CRC Organoid Culture: A Method to Obtain 3D Organoids from Colorectal Cancer Cells

All procedures involving animals have been reviewed by the local institutional animal care committee and the JoVE veterinary review board.

1. Extraction of PDXs into the Cell Suspension for the CRC Organoid Culture

Experimental procedures for dissociation of CRC PDXs are outlined in Figure 1B (step 3).

1. Place the tumor fragments derived from NOD/Shi-scid IL2Rγ null (NOG) mouse on a 10 cm Petri dish.
2. Mince the fragments using sterile razor blades and transfer them into a 15 mL conical tube containing 8 mL of 10% fetal calf serum (FCS)-Dulbecco's Modified Eagle's Medium (DMEM) with 80 µL of collagenase enzyme stock (see Table of Materials).
3. Close the tube tightly and wrap the cap with parafilm to prevent leakage. To dissociate the minced tumor fragments into the cell suspension, agitate it gently for 2 h at 37 °C. Note that there will still be many fragments of undigested tissue remaining in the tube.
4. Centrifuge the tube at 300 x g for 5 min at 4 °C and remove the supernatant. Resolve the cell pellet using 10 mL of 10% FCS-DMEM to make the cell suspension.
5. To eliminate undigested tissue debris, filter the cell suspension twice using the 40 µm cell strainer set on a 50 mL conical tube. Then, centrifuge the flow-through at 300 x g for 5 min at 4 °C. Remove the supernatant and keep the pellet on ice.

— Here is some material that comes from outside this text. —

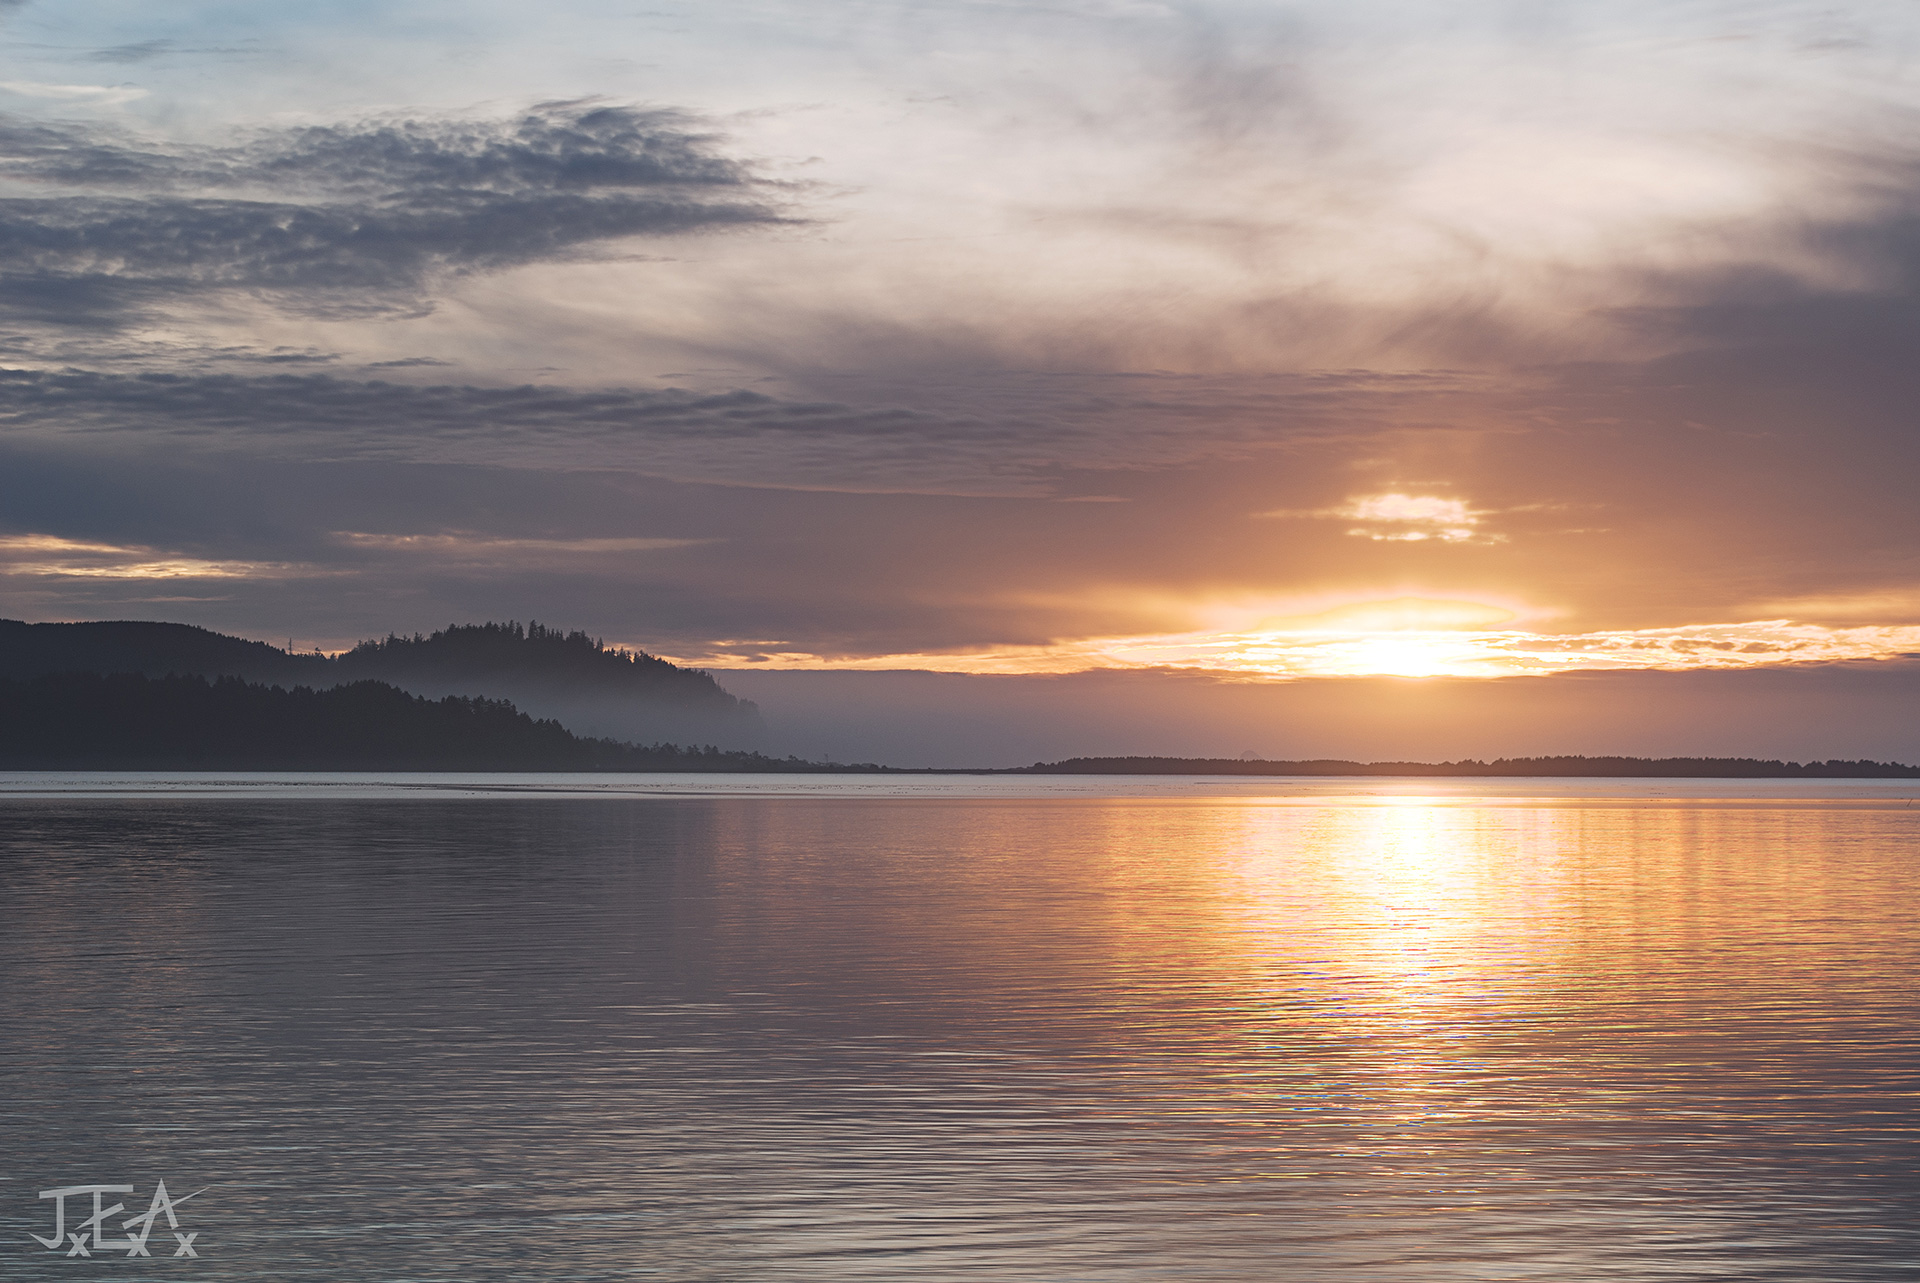 A wide shot of the Tillamook bay at sunset.

2. Generation of the CRC Organoids Cultured on Artificial Extracellular Matrix

Experimental procedures for the CRC organoid culture of the colon PDXs are outlined in Figure 1B (step 4).

1. Establish a culture medium suitable for the PDX-derived CRC organoids (see Table of Materials, "the CRC organoid culture medium").
2. Apply 150 µL of artificial extracellular matrix (see Table of Materials) per well on a 12-well plate on ice and then incubate it for 30-60 min in a 37 °C, 5% CO₂ incubator to solidify the gels.
3. Suspend the cell pellet (as described in 1.5). Remove the supernatant and keep the pellet on ice) in the CRC organoid culture medium (from step 2.1) with 5% FCS to achieve adjustment to 3 x 10⁵ cells/mL. Then, seed 1 mL of the medium onto the artificial extracellular matrix-coated plate prepared in step 1.2 and incubate overnight at 37 °C under 5% CO₂. Use a hemocytometer for counting the number of tumor cells including single cells and multicellular clusters (a group of adherent cells) in the cell suspension.
   NOTE: 5% FCS is used to quench the residual enzymatic activity of collagenase in this study.
4. Carefully collect the culture medium, including floating cells that have detached from the artificial extracellular matrix-coated plate, into a 1.5 mL centrifuge tube on the following day and centrifuge it at 1,400 x g for 5 min. Then, remove the supernatant and resuspend the pellet in 70 µL of artificial extracellular matrix on ice.
5. To increase CRC cell viability, overlay the tumor cell-containing artificial extracellular matrix onto the tumor organoid cells attached to the artificial extracellular matrix-coated plate and incubate for 30 min in a 37 °C, 5% CO₂ incubator to solidify the artificial extracellular matrix coating. Then, incubate it with 1 mL of the CRC organoid cell culture medium with 1% FCS at 37 °C under 5% CO₂.
6. Change the culture medium every second day. As the CRC organoids fill the medium, it may become necessary to change the medium daily.